# Cooking With Mineral Water



## shel (Dec 20, 2006)

I really dislike food or beverages packed in plastic, and I go to great lengths to avoid such items. However, all the bottled water that I can find around here (with one small exception) is sold in plastic bottles. I've been thinking of using certain mineral waters for cooking. A few do not have much if any mineral taste, but the are carbonated. I imagine the carbonation can be made to disappear easily enough. So, what thoughts might you have of cooking with such water?

shel


----------



## luc_h (Jun 6, 2007)

Hi Shel,
I cover this aspect in a course I give.

Carbonated water is slightly acidic (even after the bubbles are out). The acid is due to the dissolved carbon dioxide which turn into carboxylic acid.

Acidity will affect legumes. When cooking legumes acidity can/may prevent them from softening during cooking. This explains why adding baking soda to legume water will help guaranty that the beans cook up soft.

Also the dissolved minerals like calcium, magnesium and potassium could also affect the cooking/softening of legumes as well leaving them hard.

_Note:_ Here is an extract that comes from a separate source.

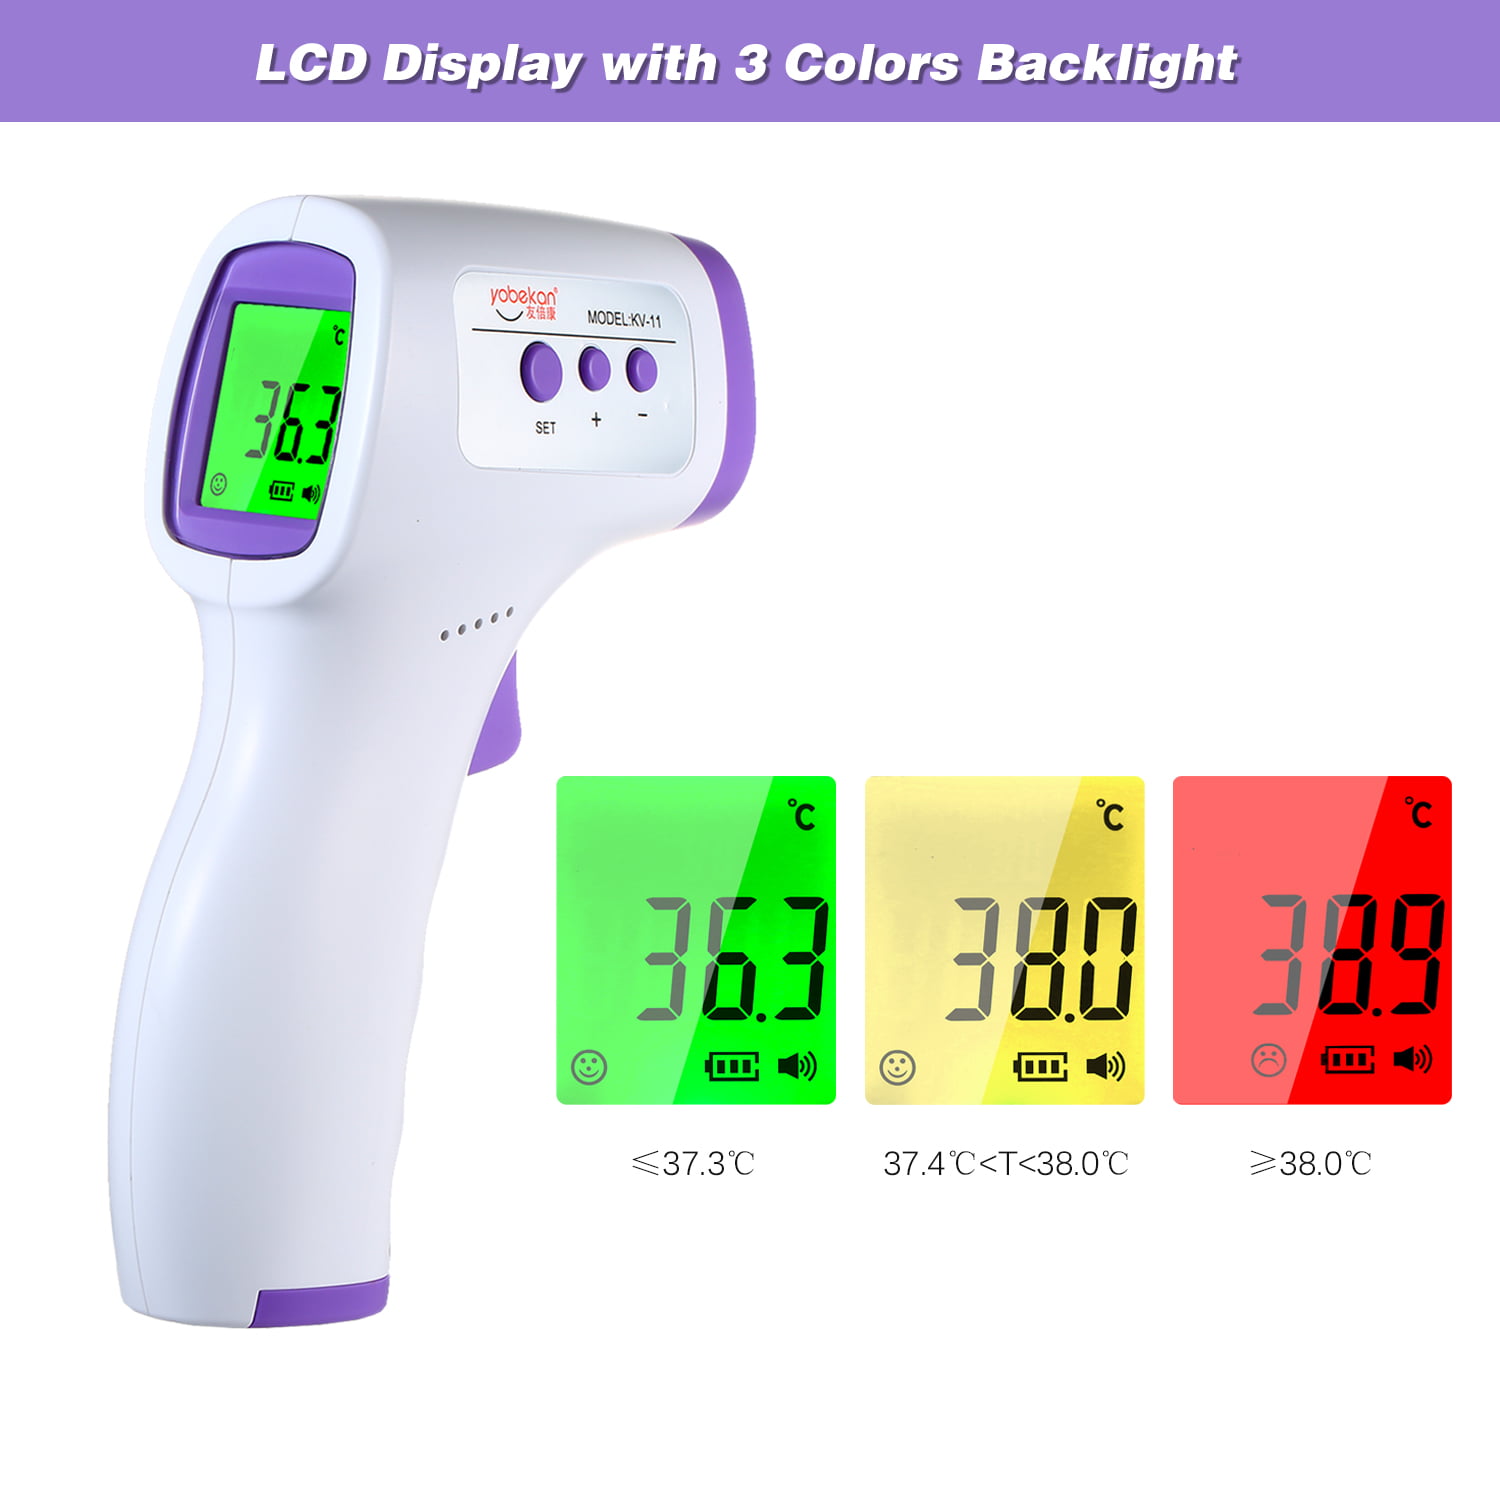 SU&YU Thermometer LCD Digital Non-Contact IR Infrared Thermometer Forehead Body Temperature Meter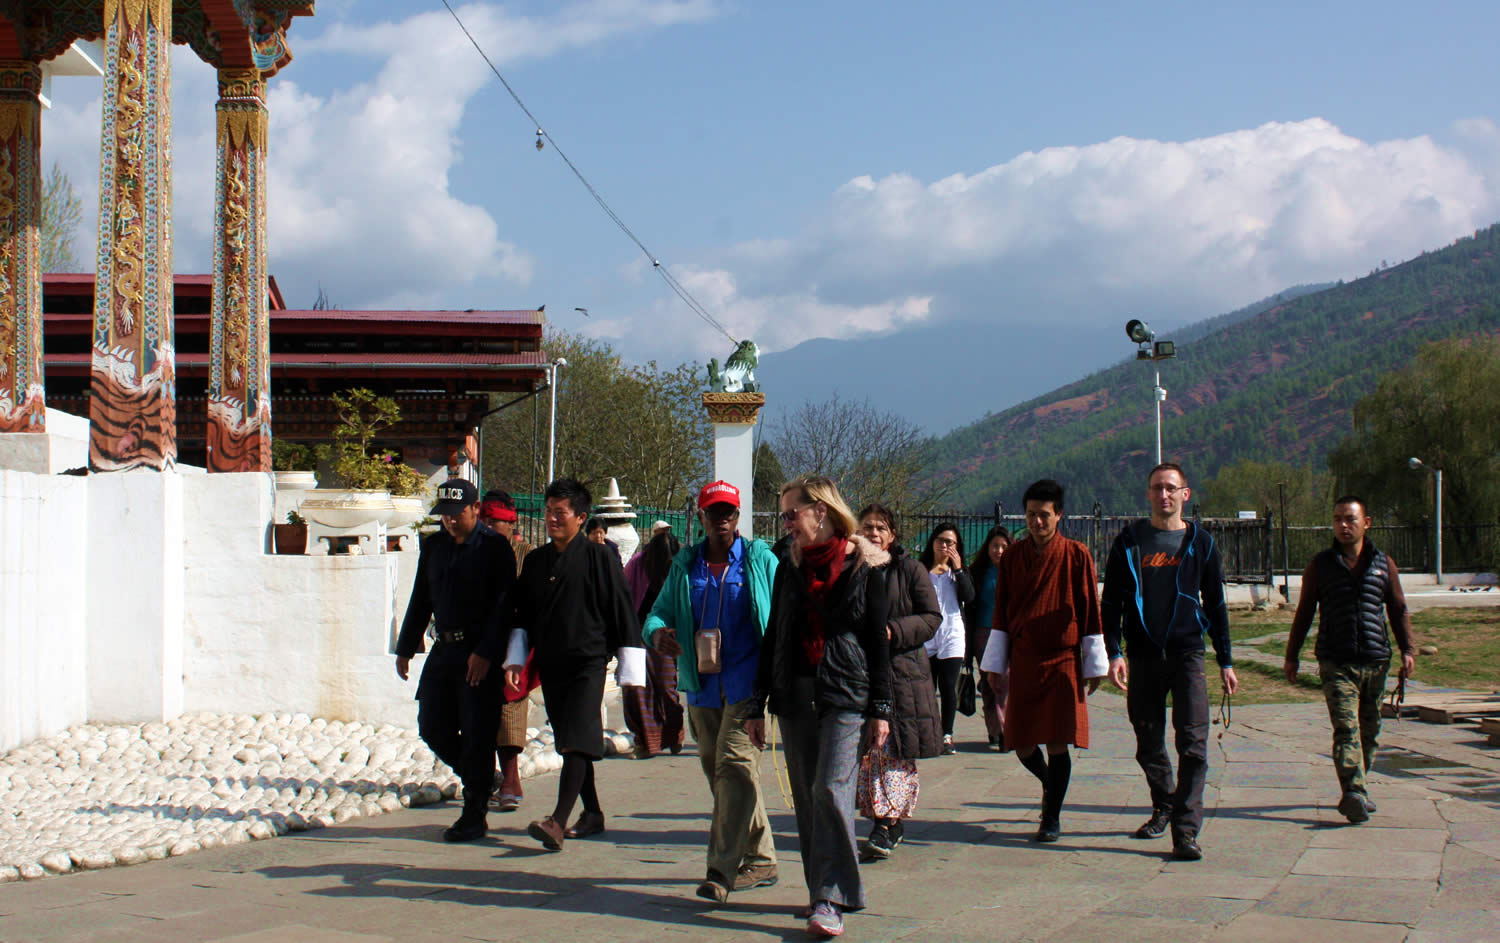 Group members join the locals in circumambulating the chorten.

To a certain extent any starchy, cellulosic, oligosaccharide containing plant food will either require longer cooking times or leave them firm if cooked IN the water. This could be a good thing sometimes. 

Steam from mineral water is the same as plain water. No affect on vegetable steaming.


This is all theory... I haven't actually tried it......................... yet.
Luc H.


----------



## dc sunshine (Feb 26, 2007)

Could try using distilled water - like what we are meant to put in our steam irons (but tap water usually goes in!). Then its just water - nothing else.

Lots cheaper than mineral water too.

Just a thought.

DC


----------



## shel (Dec 20, 2006)

*All the distilled water here comes in plastic containers ... unacceptable.*

*acb*


----------



## shel (Dec 20, 2006)

*Thanks, Luc ... your comments help quite a bit, and I will definitely cook up something using mineral water. Should be a fun and interesting experiment.*

*scb*


----------



## koukouvagia (Apr 3, 2008)

Are you saying that if I put some Arm n Hammer in my bean soup that it will save me the time of soaking the beans over night?


----------



## phatch (Mar 29, 2002)

I spent a week in a San Diego suburb many years ago. The water was horrible. Mineralized and undrinkable. Everything cooked in it tasted bad. 

Bottled mineral water tastes better than that tap water but I wouldn't hold out much hope for food cooked in it. 

Phil


----------



## luc_h (Jun 6, 2007)

No...
For beans soaking is a must (but I know some do not soak with good results apparently). Adding baking soda (1 tsp) in the water (no salt, nor acid) will help cook the beans faster and tender.

Luc H.


----------



## oahuamateurchef (Nov 23, 2006)

Have you considered purchasing a reverse osmosis water filter for the home?

The one I installed in the kitchen has a reservoir large enough to handle cooking soup/stock in my 20 quart pot.

Or am I missing the point completely, and you are looking for the flavor of naturally occurring trace minerals and salts, and the particular PH that happens in some tap? (Thinking NY pizza dough/ English beer) 

I am definitely an amateur when it comes to water and food, however, I know a thing or two about water purification. IMHO it is not worth it in exploring tap water, since nearly all are tainted with chlorine. Better off filtering your own, and on top of that--no need to worry about plastic leaching off from your overpriced plastic water bottles.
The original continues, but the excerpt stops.